Other Common Regression Analyses
In addition to linear regression, described previously (Y = a + bx), there are other mathematical relationships linking two variables including curvilinear (quadratic, cubic, etc.) or logarithmic functions. Once again all of the commonly used statistical packages provide these functions (perhaps too) easily and conveniently. There are also multiple regression techniques which can be used when there are several independent variables. The Harris-Benedict equation to predict energy expenditure is a commonly used multiple regression equation. The dependent variable predicted must be quantitative although both qualitative and quantitative variables can be used as predictors. Qualitative variables are described as present (using a coefficient of one) or absent (zero as coeffecient which cancels the term when multiplied). When the predicted or dependent variable is categorical, such as living or dead, the appropriate regression technique is logistic regression. The many severity of illness indices, such as APACHE and the Mortality Prediction Model, exemplify the use of logistic regression to calculate the risk of mortality.
CODA
In a way, we can compare our current medical journals with daily newspapers and television news programs. They report the most ``up-to-the-minute’‘ information; the reports may be incomplete, certain important details may be missing, and it may be difficult to fit the results reported into the existing framework of previous information. Sometimes this may indicate that the existing framework needs to be changed sharply; at other times, subsequent reports reveal flaws in the methodology or in the interpretation of the ``newest’‘ report.
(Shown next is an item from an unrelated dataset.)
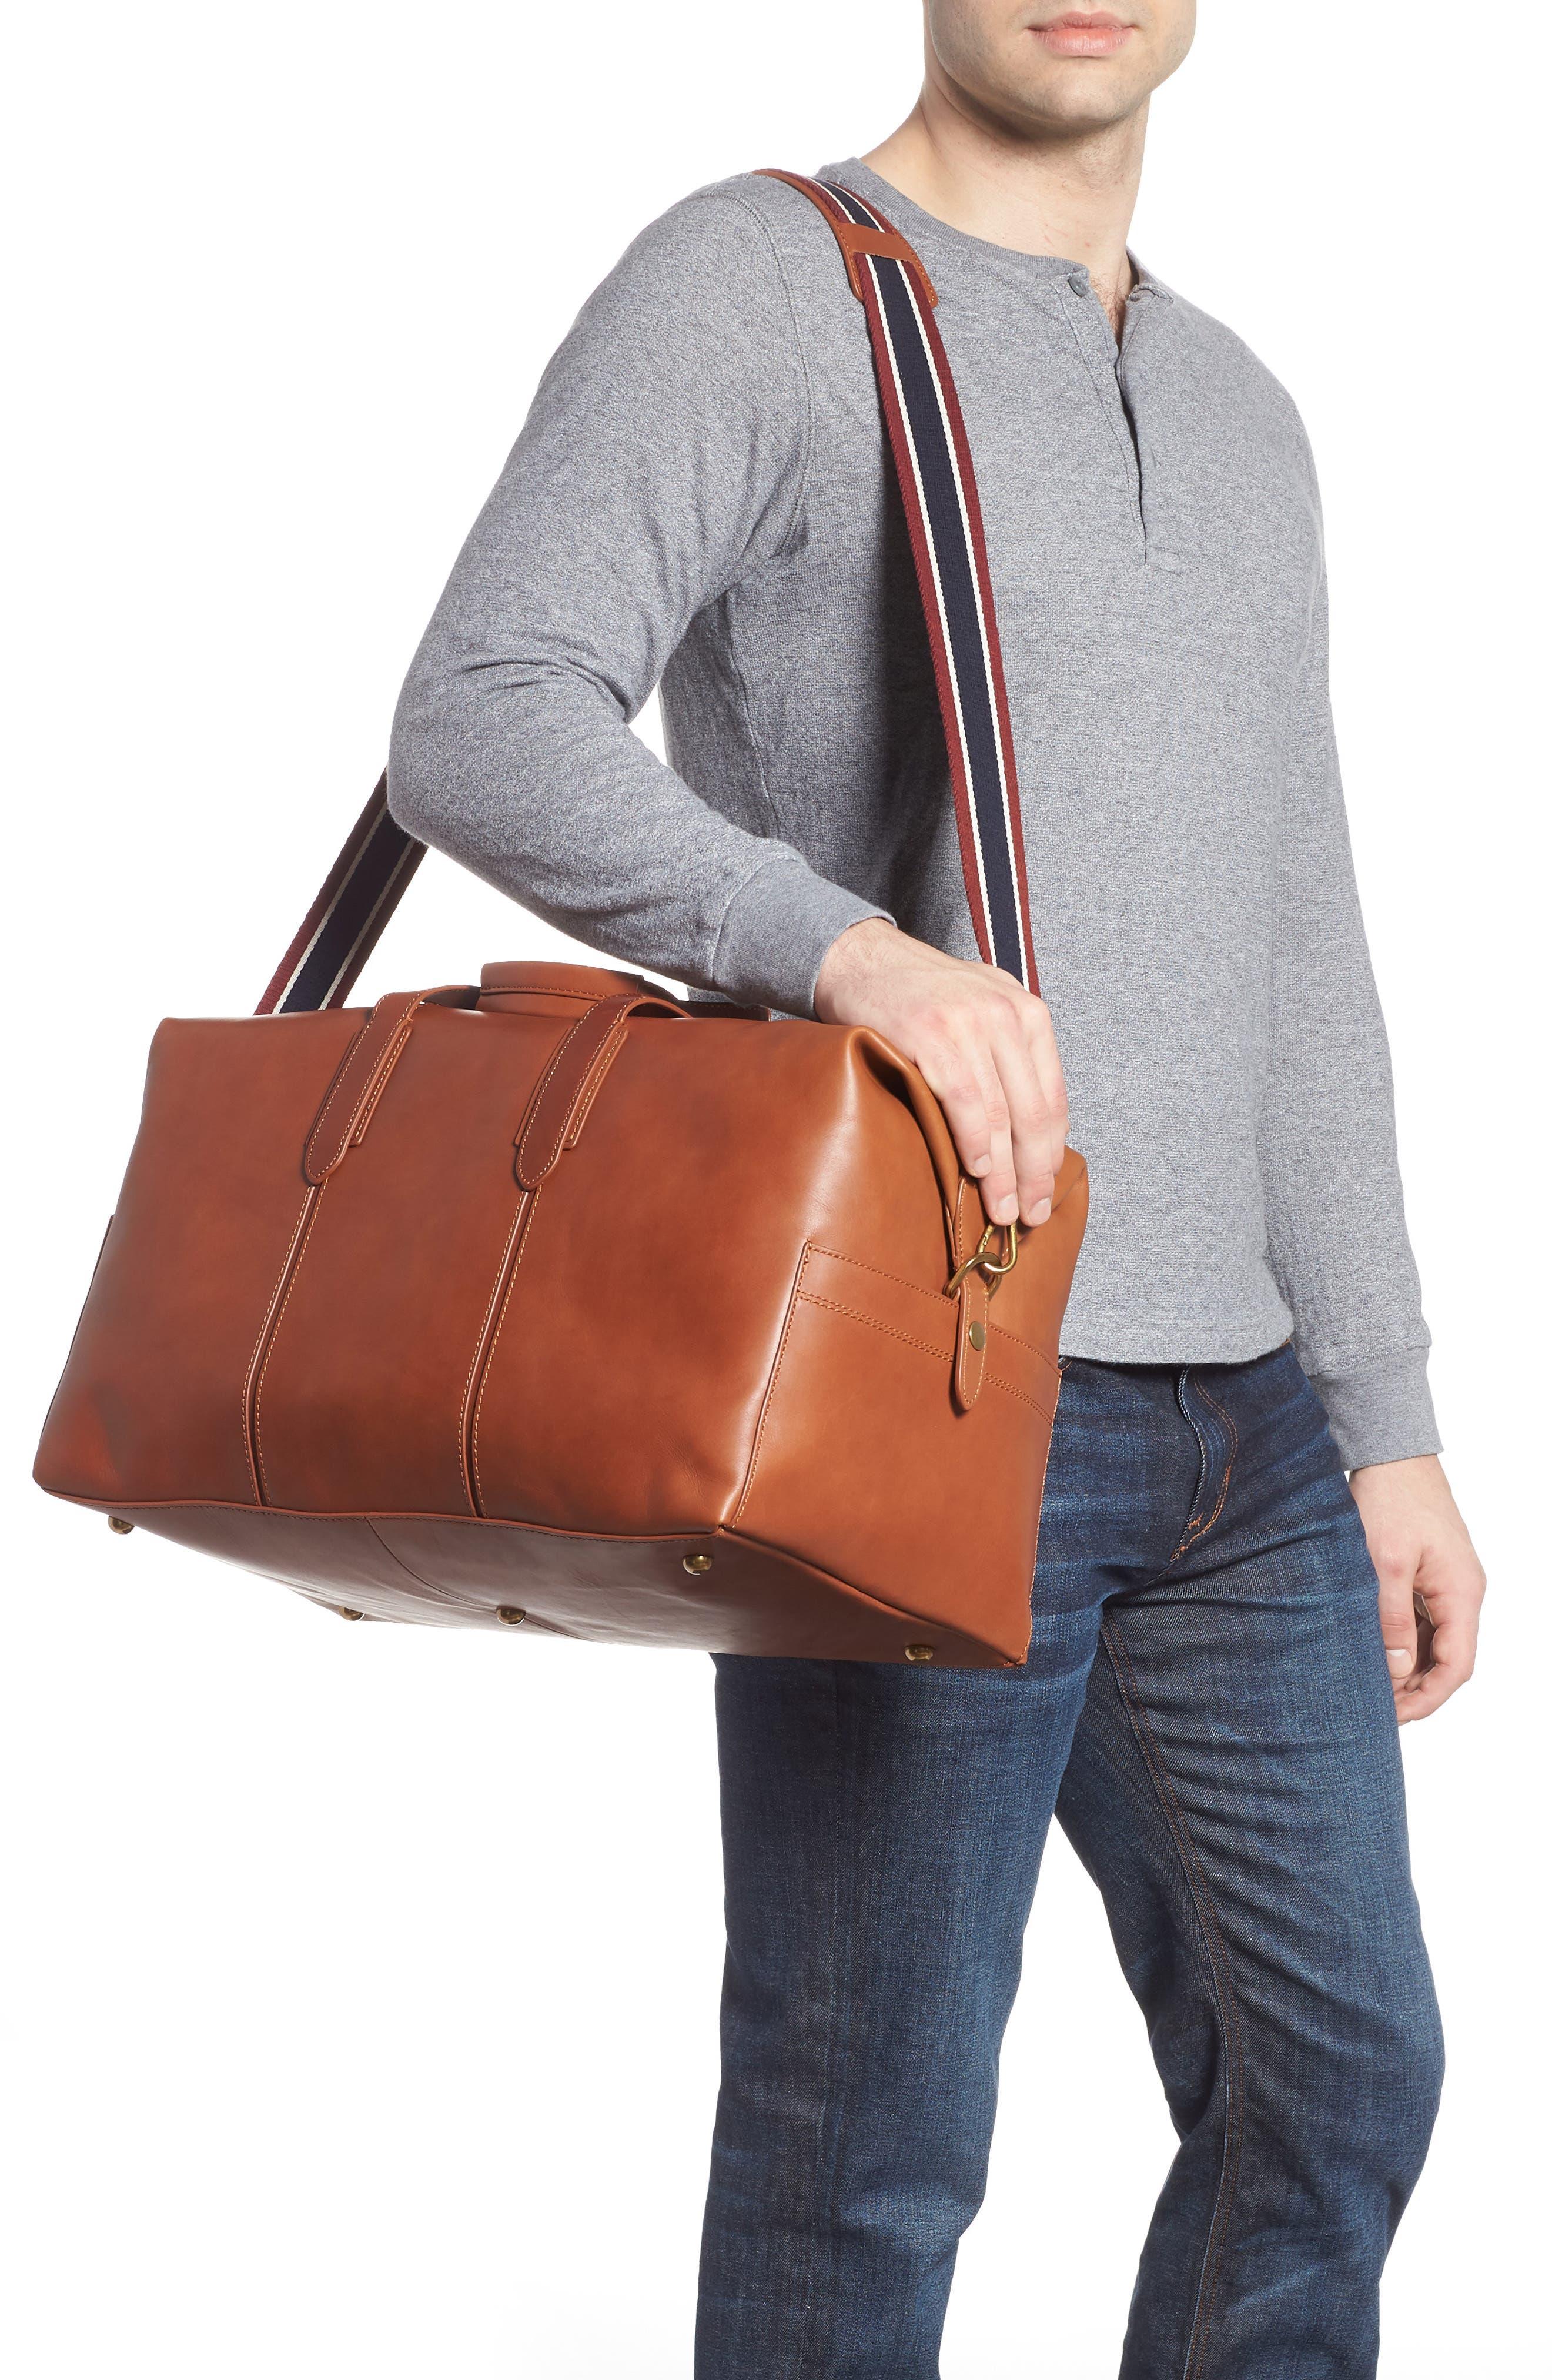 Oar Stripe Weekend Bag,                             Alternate thumbnail 2, color,                             BURNISHED SIENNA
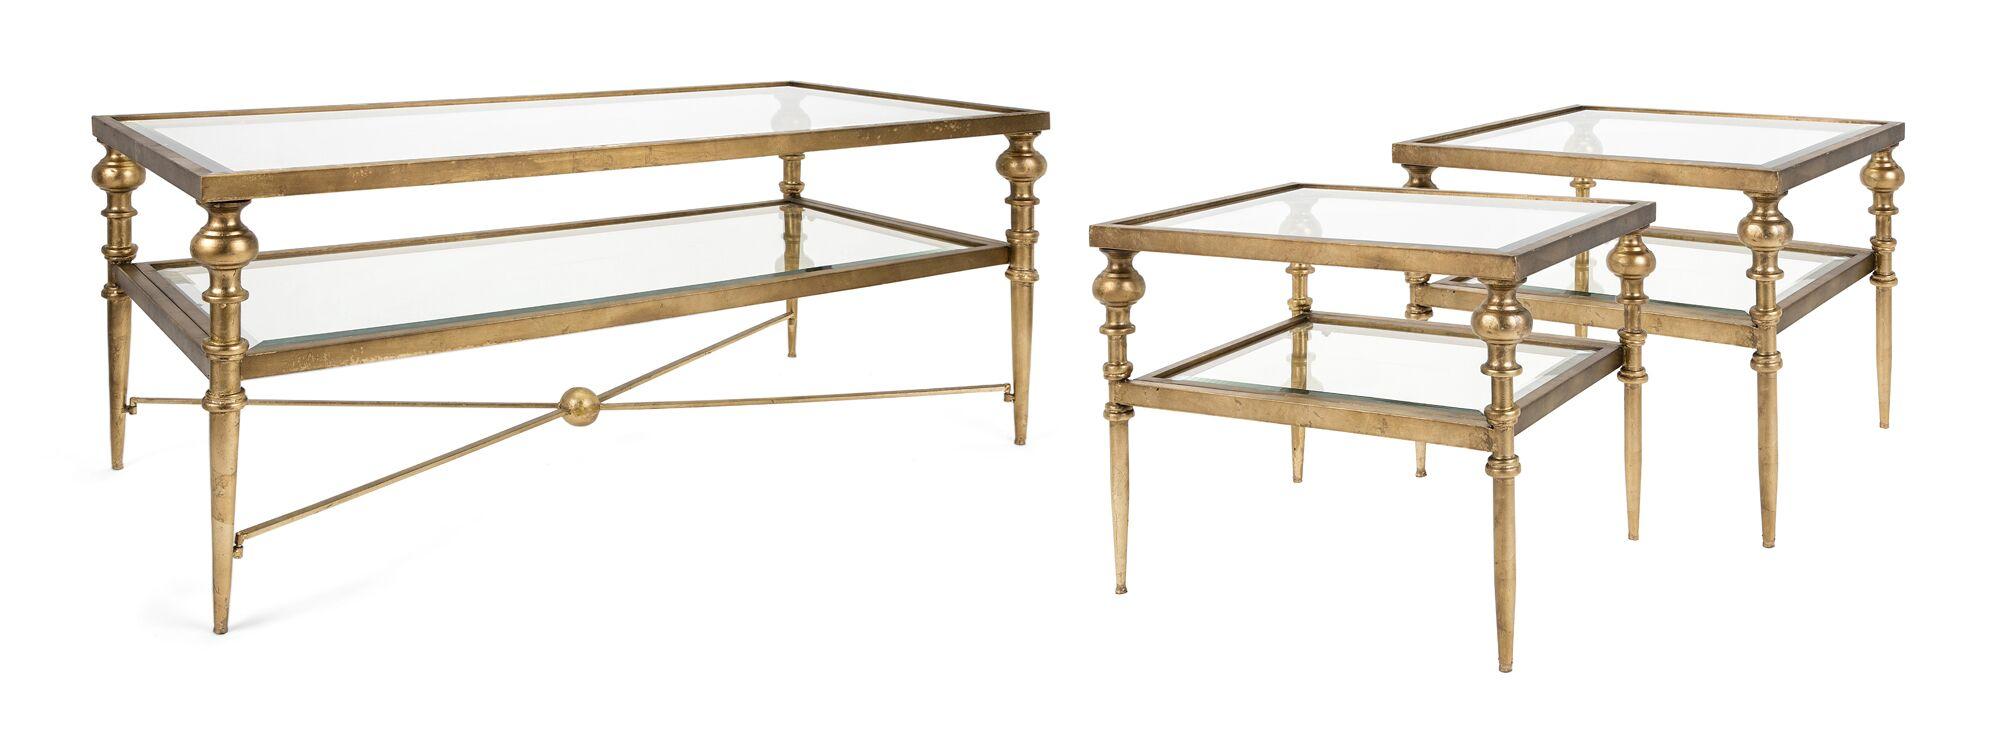 Lorenzen End Table

Inertia may be interpreted in terms of the difficulty in moving a stationary object. Remember, too, inertia also refers to the difficulty in moving an object from the direction in which it is moving. When the preponderance of data points in one direction, we should not be too hasty in changing directions based on a single study that shows the opposite result. On the other hand, the purpose of this entire exercise, reading and contributing to the medical literature, is not only to add to existing knowledge or sharpen the focus, but also to change directions when necessary. A sense of proportion or balance is necessary: to choose a level of significance; to determine and accommodate types I and II errors; to distinguish chance from real effects; to separate statistical likelihood of difference from the importance of that difference; to give clinical dimensions to real experimental differences; to weigh costs and detrimental effects of therapy against the beneficial effects of improving outcome in devastating illness; or to improve the quality of life or diminish the costs of care when survival is not the only important determinant of outcome.
If the medical literature bears any resemblance to the news media in general, our tasks can only become more difficult in the future. As more and more information becomes more easily available with less and less validation, we may pass to a future that goes beyond Andy Warhol’s dictum that everyone will be famous for 15 minutes. We may likely be heading for a future in which everything is true for only 15 minutes. Unfortunately, it will always take more than 15 minutes to analyze a medical report correctly. We will be faced with an overwhelming input of information. We must learn to reject quickly the flighty, flimsy, and faulty and to concentrate on science with substance.